→ **PROBLEM TO WORK ON**:
Please repeat the data below exactly, with the pictures removed.

→ **RECORDED DATA**:
--- --- ---

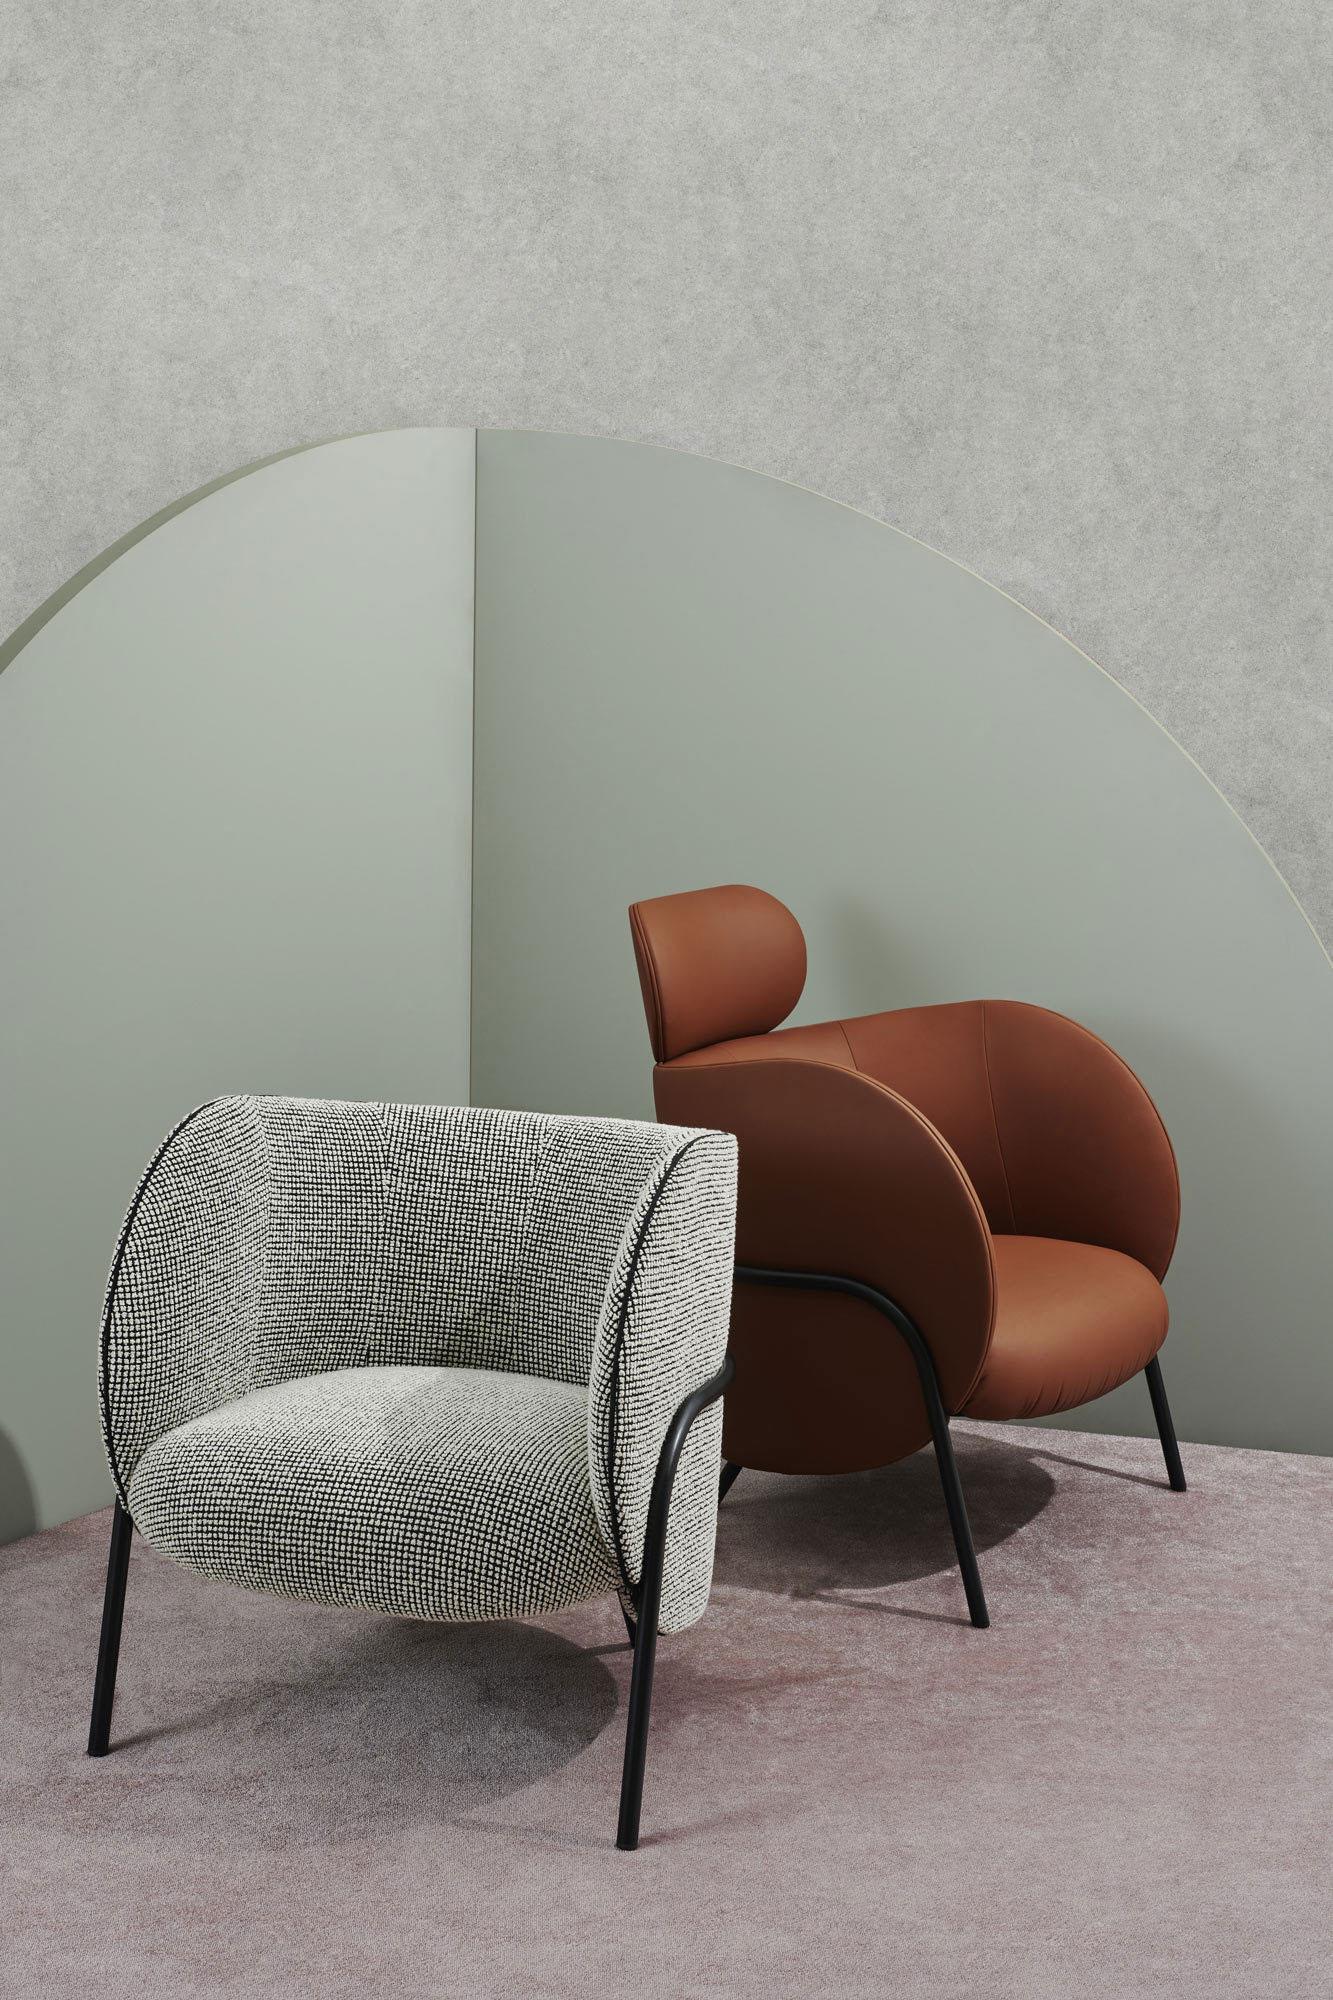 Kompakter Sessel von Nikolai Kotlarczyk für SP01 Design
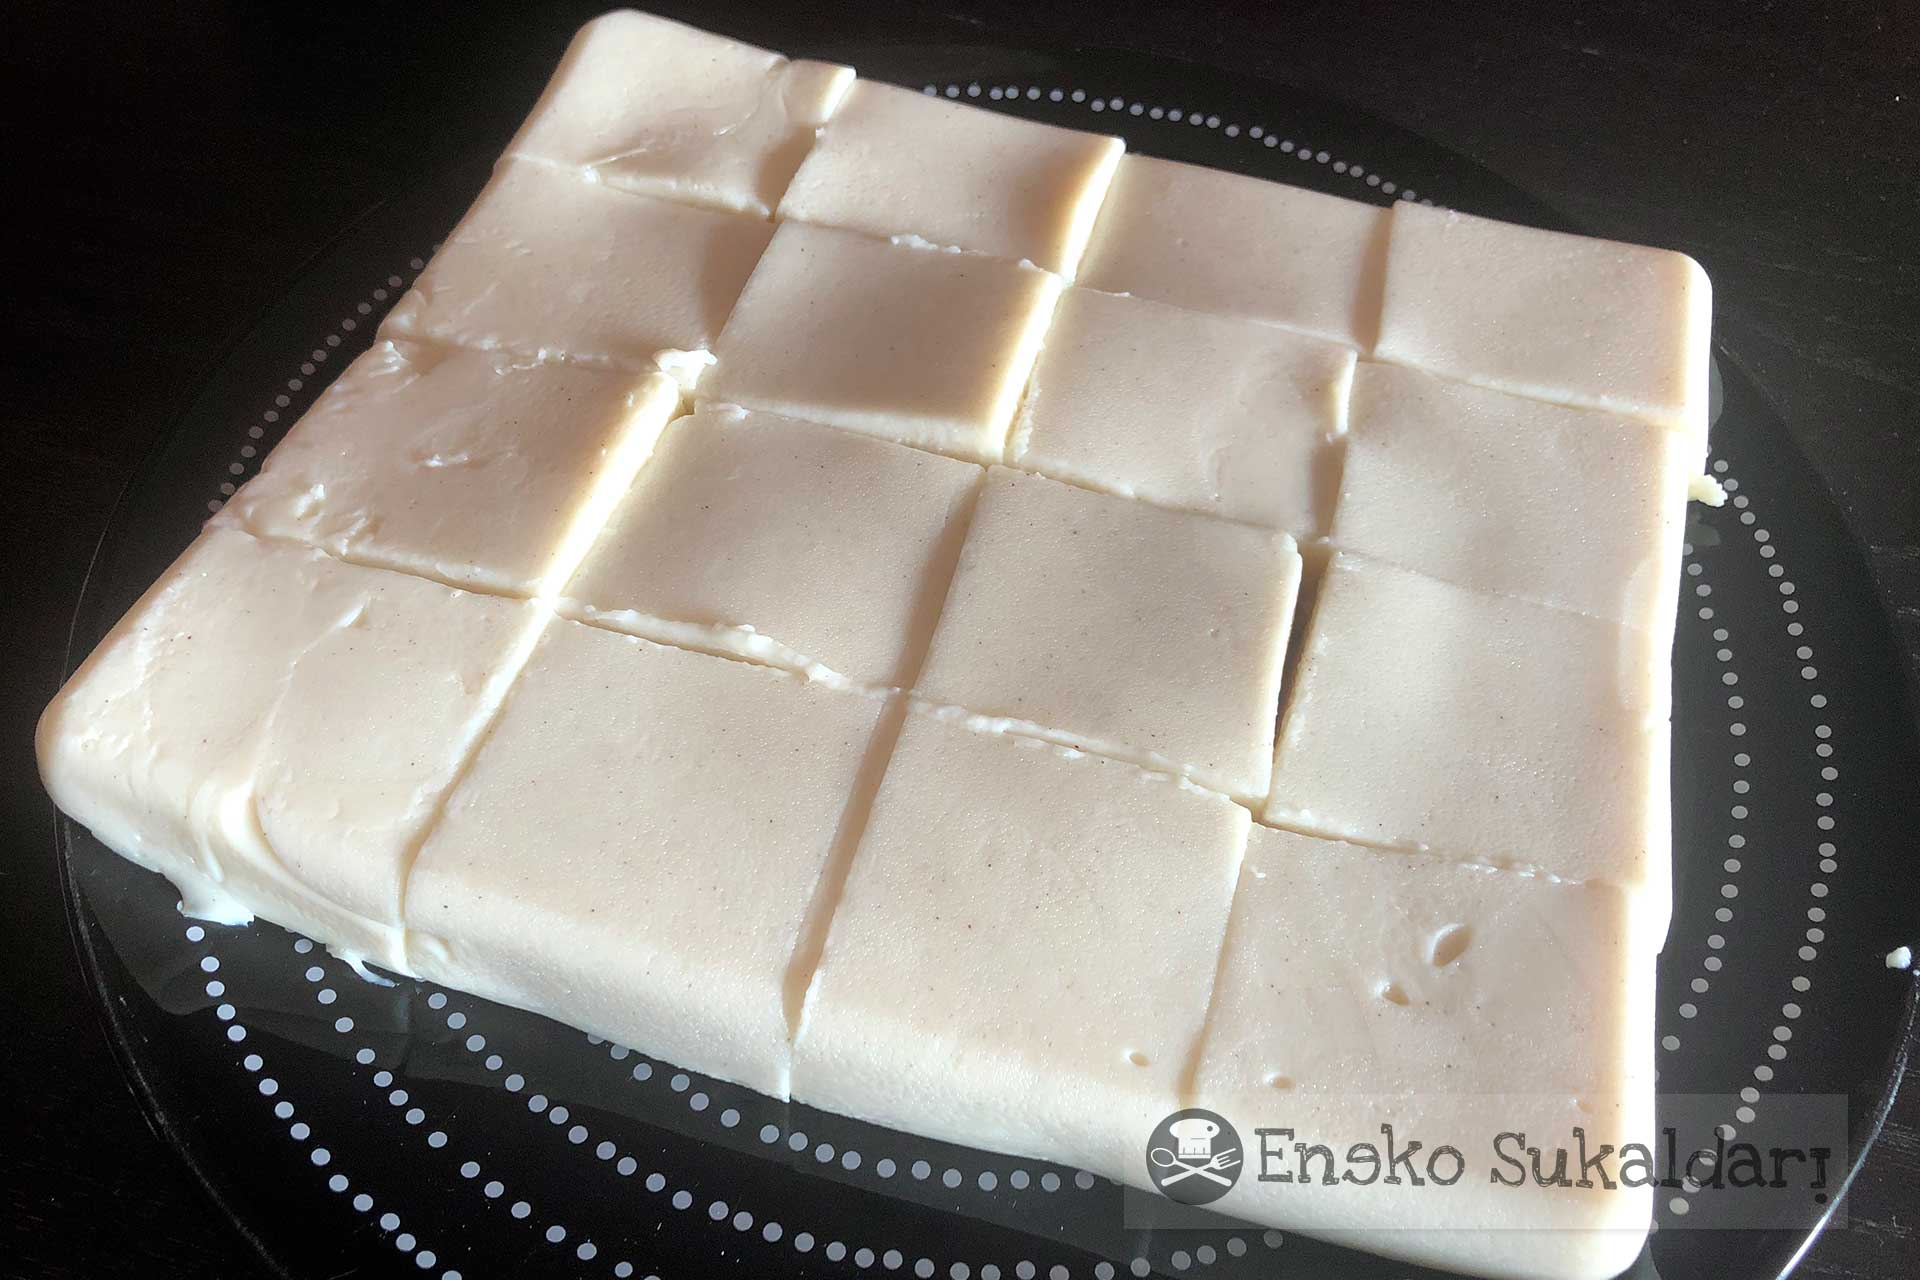 Leche frita o tostadas de crema - receta - Eneko sukaldari
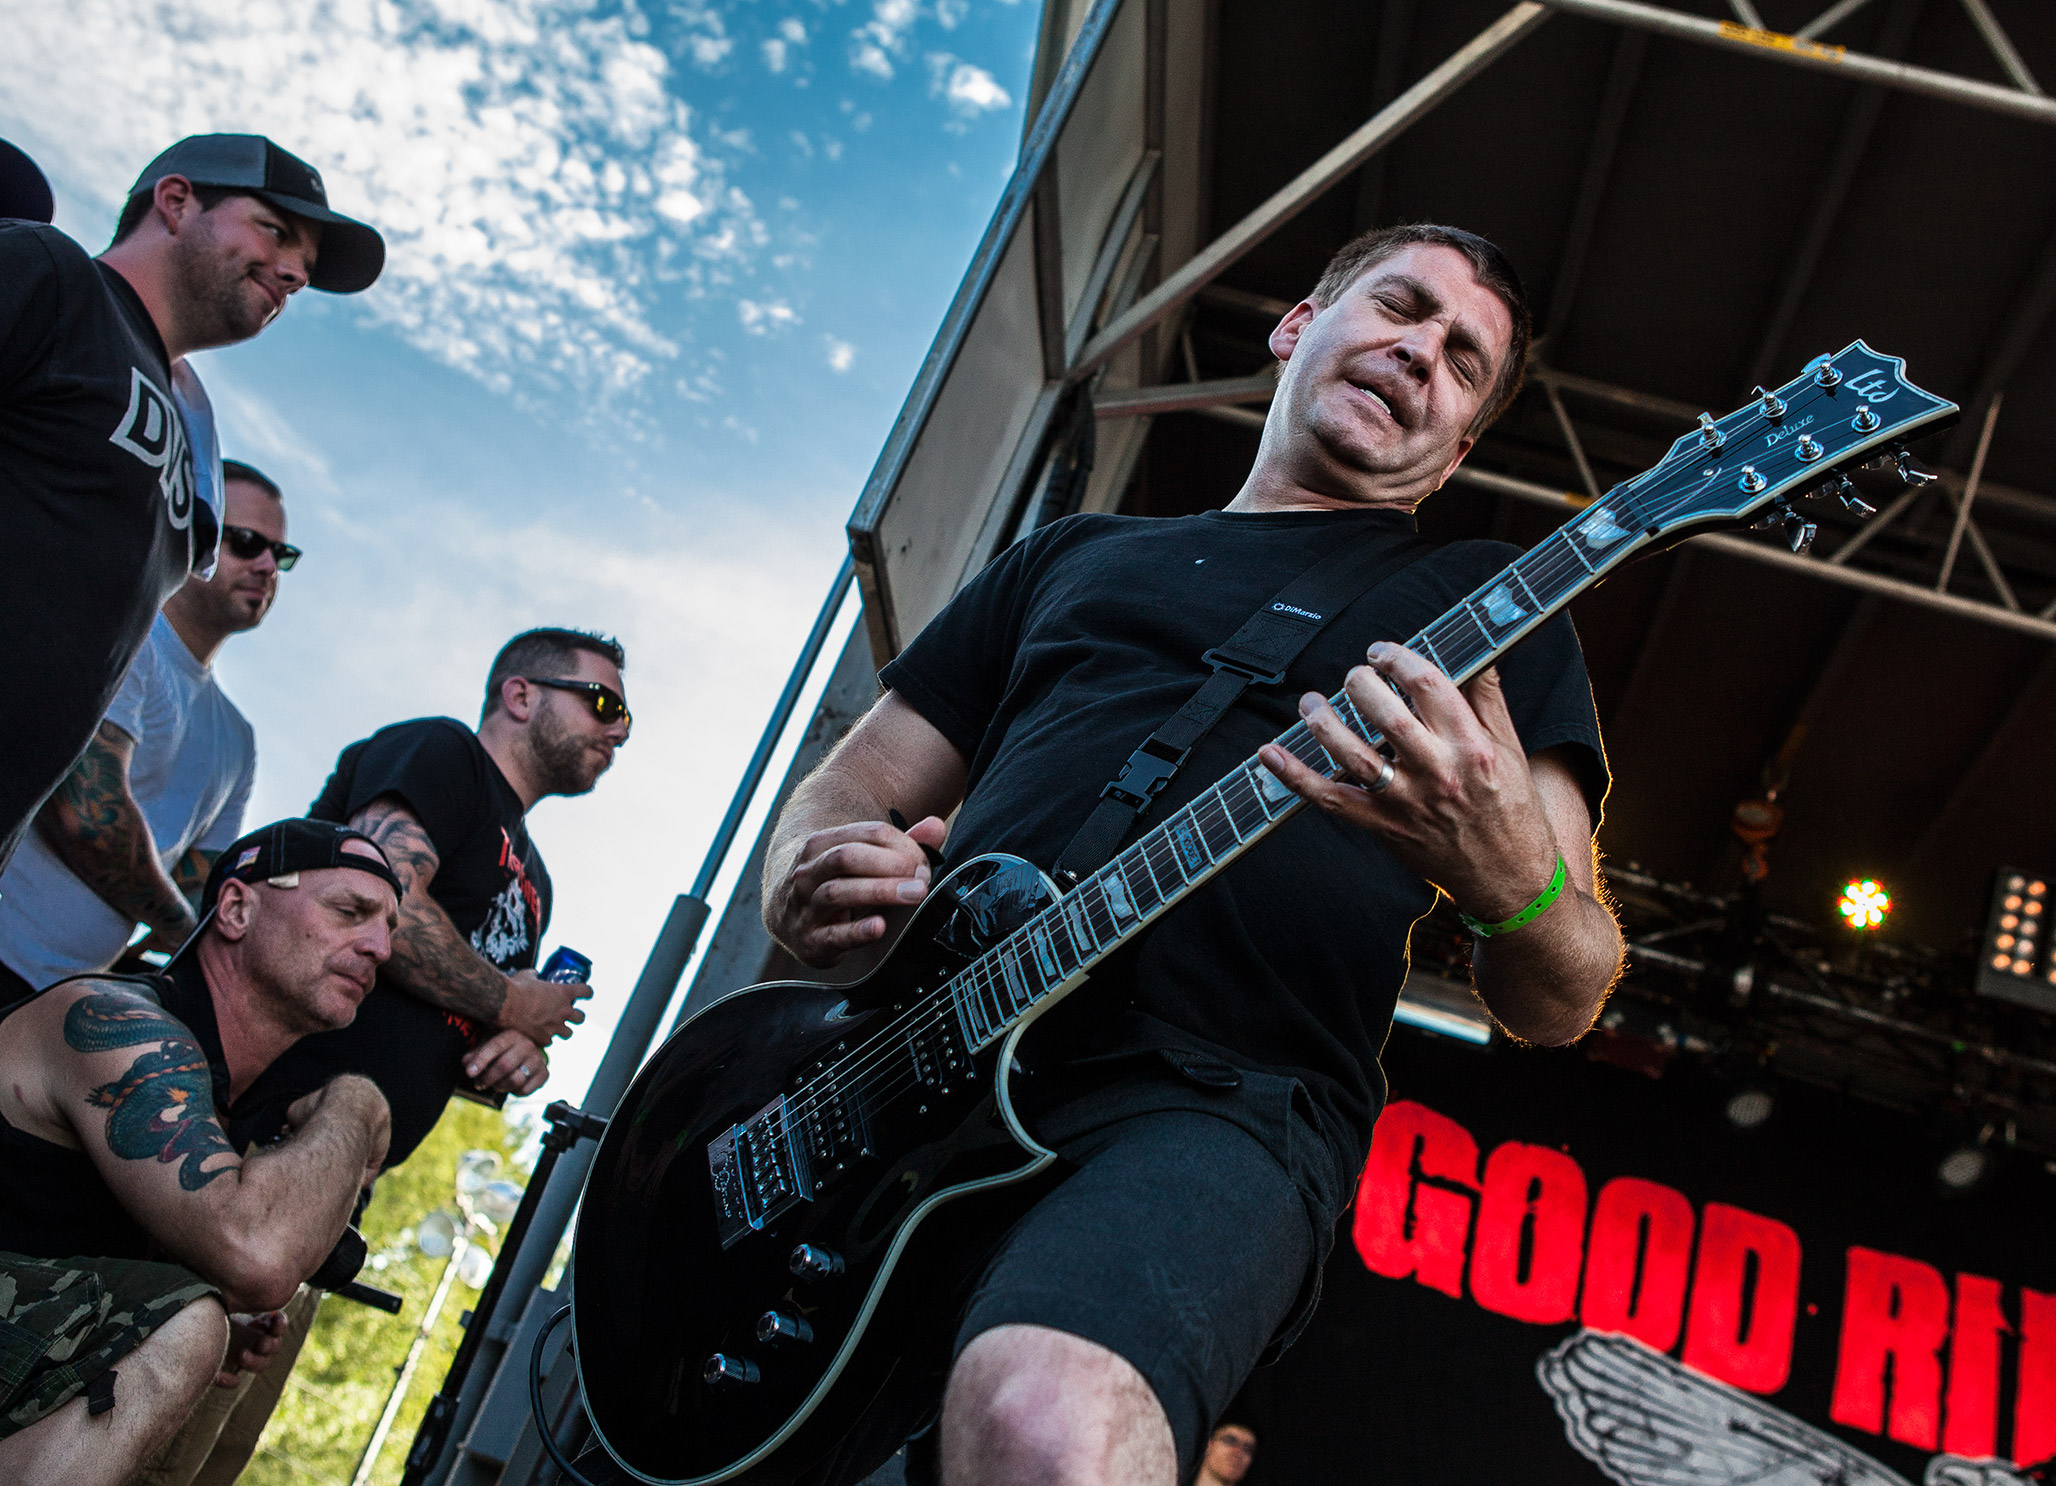 amnesia-rockfest-2015-good-riddance-photo-9

--- --- ---

→ **TASK RESPONSE**:
 Kompakter Sessel von Nikolai Kotlarczyk für SP01 Design
 Leche frita o tostadas de crema - receta - Eneko sukaldari
 amnesia-rockfest-2015-good-riddance-photo-9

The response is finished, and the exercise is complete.